Progress toward more diversity and inclusion in the workplace has been slow in Rhode Island, with more of it confined to plans on paper than to actual people welcomed and exerting influence in the office, on the shop floor and in the boardroom.
That was the assessment of panelists at Providence Business News’ virtual Diversity & Inclusion Summit and Awards event on Dec. 10.
Possibly complicating the move forward: in recent years the definition of diversity has expanded from gender and race to encompass ethnicity; sexual identity; age; religion; disability; and differences of generation, personal and thinking styles.
The four panelists at the summit tried to remain upbeat, but they presented few real examples of progress in bringing minorities onto the staffs and into the C-suites of Rhode Island companies.
“Racism is ingrained,” said Neil D. Steinberg, CEO and president of the Rhode Island Foundation. “Companies hire a director of diversity and say, ‘We’re going to have a policy.’ We’ve been doing that for decades and it has not worked. It is who we actually hire that makes a difference. There is still too much of checking off boxes.”

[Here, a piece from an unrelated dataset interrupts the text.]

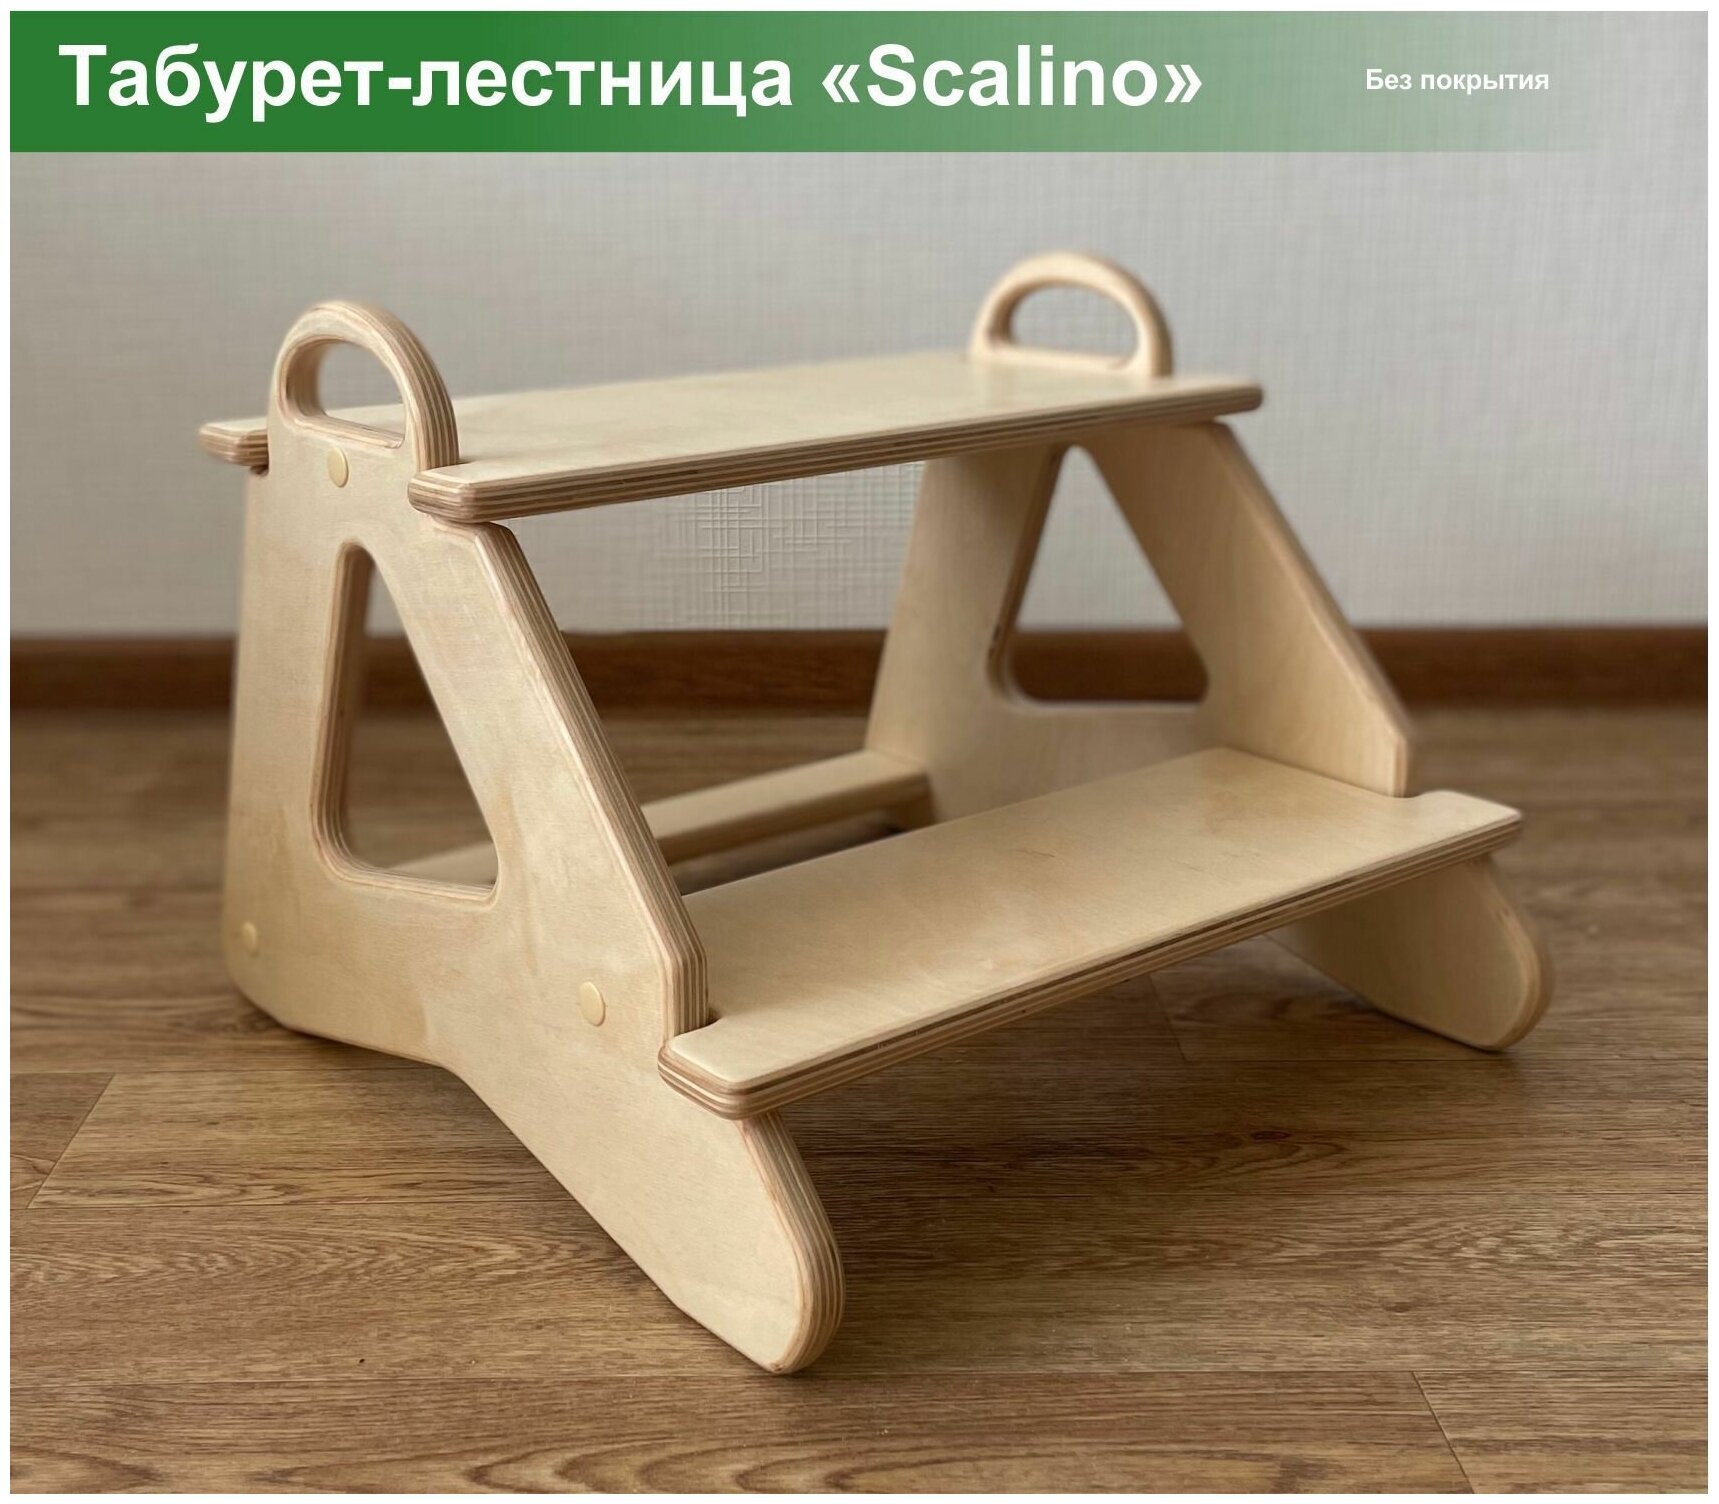 Табурет стремянка детская Scalino, для кухни, подставка под ноги. Шлифованный, без покрытия. - фотография № 1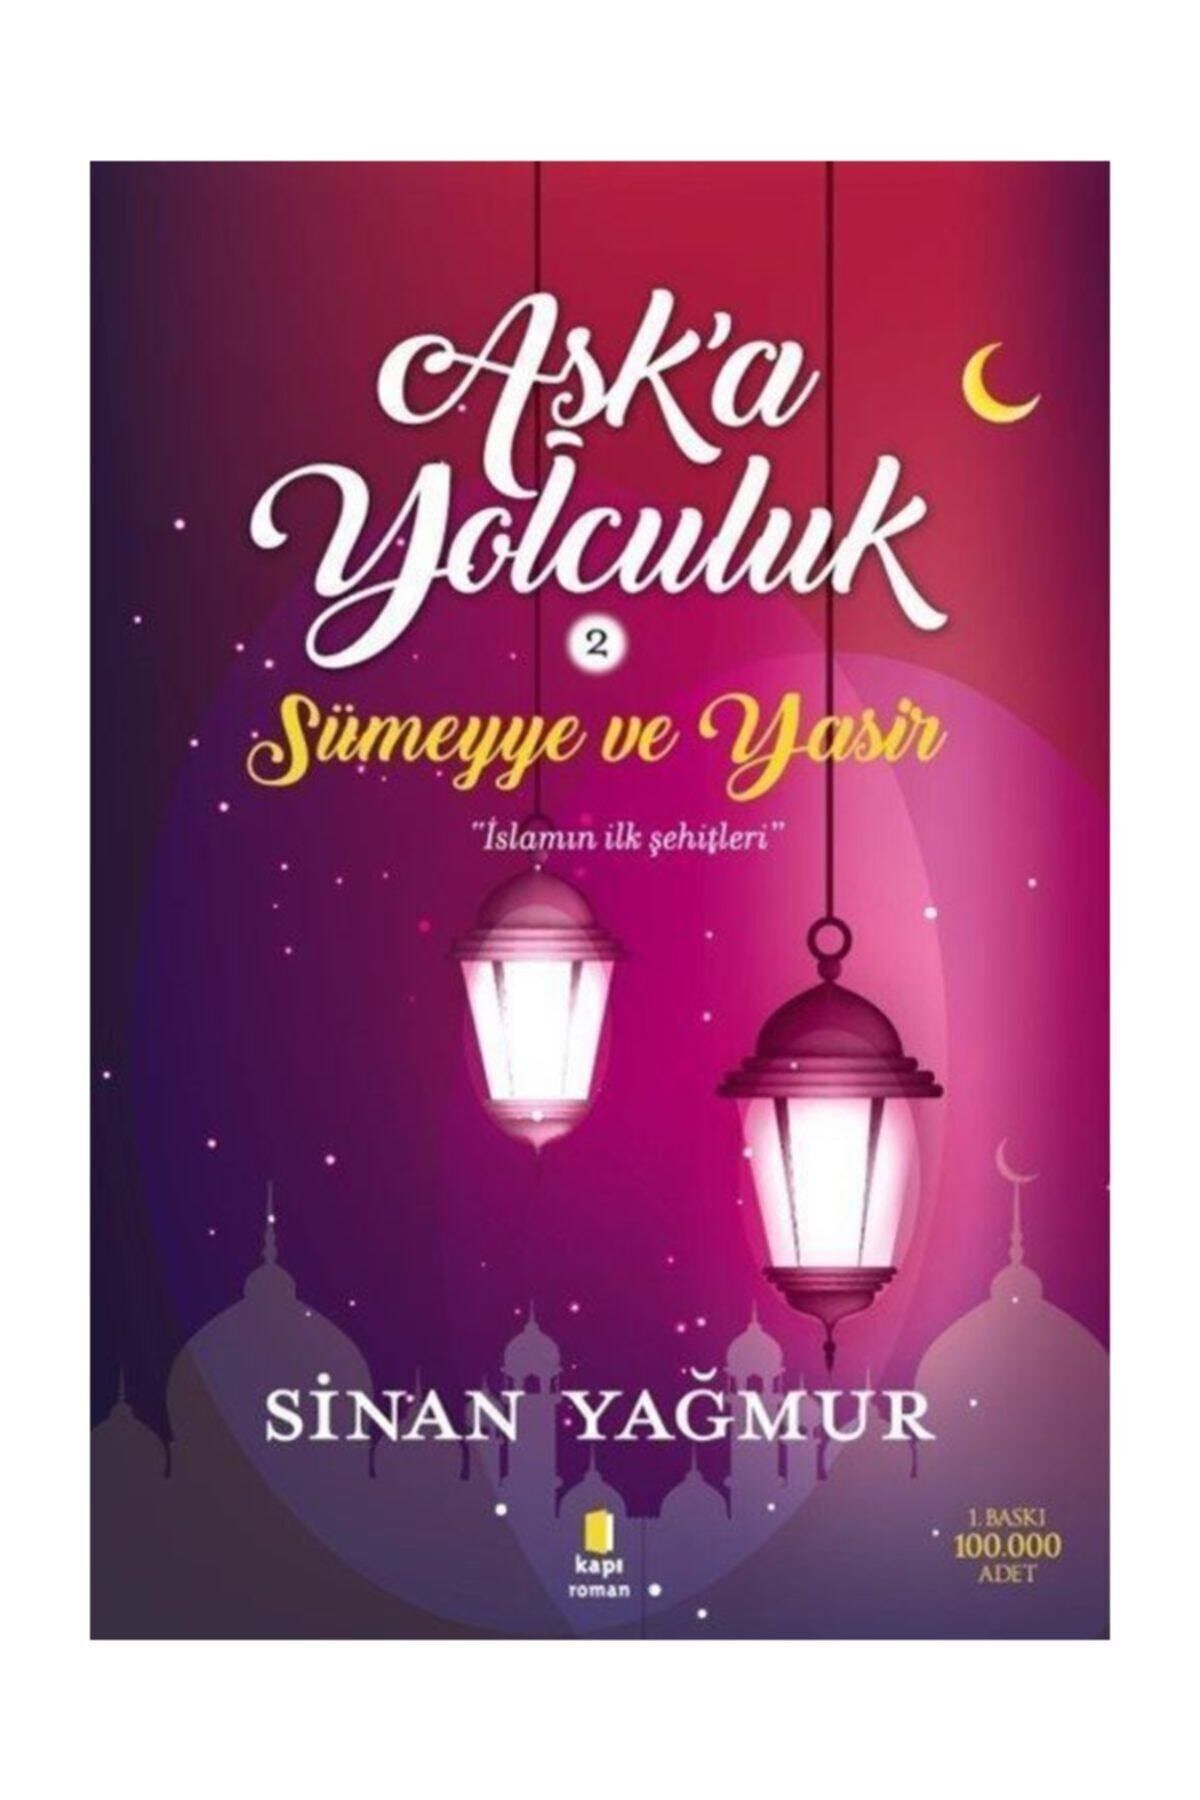 Kapı Yayınları Aşk'a Yolculuk 2 / Sümeyye ve Yasir

Lisa Ranglin, founder, CEO and president of the Rhode Island Black Business Association and a vice president at Citizens Bank, noted that, according to Business Insider, only three Black men are CEOs at Fortune 500 companies. She also said that 59% of Black women say they have never had an informal conversation of any kind with a senior leader in their companies, according to data from Lean In, an organization that supports women in the workplace.
Adding to the problem is COVID-19, quarantines and the frightening loss of business activity and sales in many Rhode Island industries this year. Steinberg said he has heard 2020 described as a mashup of three of the hardest periods in American history – the 1918 Spanish flu pandemic, the Great Depression of the 1930s and the racial unrest of the 1960s.
One panelist expressed a positive note about efforts to bring different faces and voices to the workplace.
“People are seeking more answers; there is more conversation, more thought about how society affects the workplace,” said Steve Sublett, CBIZ Benefits & Insurance Services Inc. senior vice president. “People want companies to be more mindful. There is evolution in a positive direction.”
One specific bright spot in the diversity picture was a 2014 consent decree between Rhode Island and the U.S. Department of Justice to close sheltered workshops for people with intellectual disabilities. Six workshops and a segregated program in a basement of a Providence high school were closed as a result of the 10-year decree, and many participants are now in or moving toward regular jobs at market pay levels, said Kevin Nerney, executive director of the Rhode Island Developmental Disabilities Council.
But the tone of the conversation and most comments leaned toward a view that Rhode Island employers are doing too little and doing it too slowly.
Diversity is usually defined as facts about a person, such as race and gender. Inclusion pertains to intangibles, such as whether a person in a workplace is appreciated, consulted and welcomed as a voice in decisions.
Asked to define equality in the workplace, Ranglin said it means “ensuring that people can participate on an equal and level playing field and that all people can gain the same level of access.”
Ranglin said she, representing RIBA, has had deep conversations with 40 R.I. companies that “are looking at this in an urgent way.”
She said the important question is not how many companies have diversity programs underway, but how effective and intentional those programs are. “Most of these programs are underfunded and they do not have the full support of leadership,” she said.
“Far too often we design a program that does not work for the people it is designed for,” Ranglin said. Diversity efforts “should not be superficial. Make sure what you are doing actually reflects the environment you are in.”
She advised the summit attendees to “go back to your workplaces and see what you are doing; acknowledge the gap [in minority faces and voices]; develop an action plan; and talk and listen to your people.”
A well-known sticking point in many corporate efforts to bring minorities onto any staff is the hiring process. “Many jobs are not necessarily posted and usually the organization goes to its referral base” – or pipeline – of former colleagues, old classmates, mentors and acquaintances, most of whom are likely to look and think like the people doing the candidate search, said Ranglin.
“People go to people they know,” she said. “We’ve got to be intentional about going to different places [for job candidates]. We’ve got to shake it up.”
Panel moderator Kevin Matta, director of client engagement and inclusion for Advancing Workplace Excellence, concurred. “We always go back to the well we know the best” for job applicants, he said. “Diversity is about changing that process.”
Steinberg was asked to describe the Rhode Island Foundation’s Equity Leadership Initiative, an $8.5 million project announced in the fall. One goal of the initiative is to “identify, cultivate, mentor and seek access and opportunity for individuals who identify as Black, Hispanic or Latino, Indigenous and Asian from across sectors to help build a pipeline of future leaders in established positions of influence throughout the state,” according to the foundation.
Steinberg said the dollar amount of the grants under the initiative, to be spent over three years, is not large, but it is intended to spur other major organizations in the state into similar efforts.
“We are leaving people behind,” Steinberg said.
He rejected the notion that the pandemic laid bare inequities. “COVID didn’t reveal anything that we didn’t already know,” Steinberg said. “We are not going to come out of this recession any better than we went in if we don’t address these root causes.”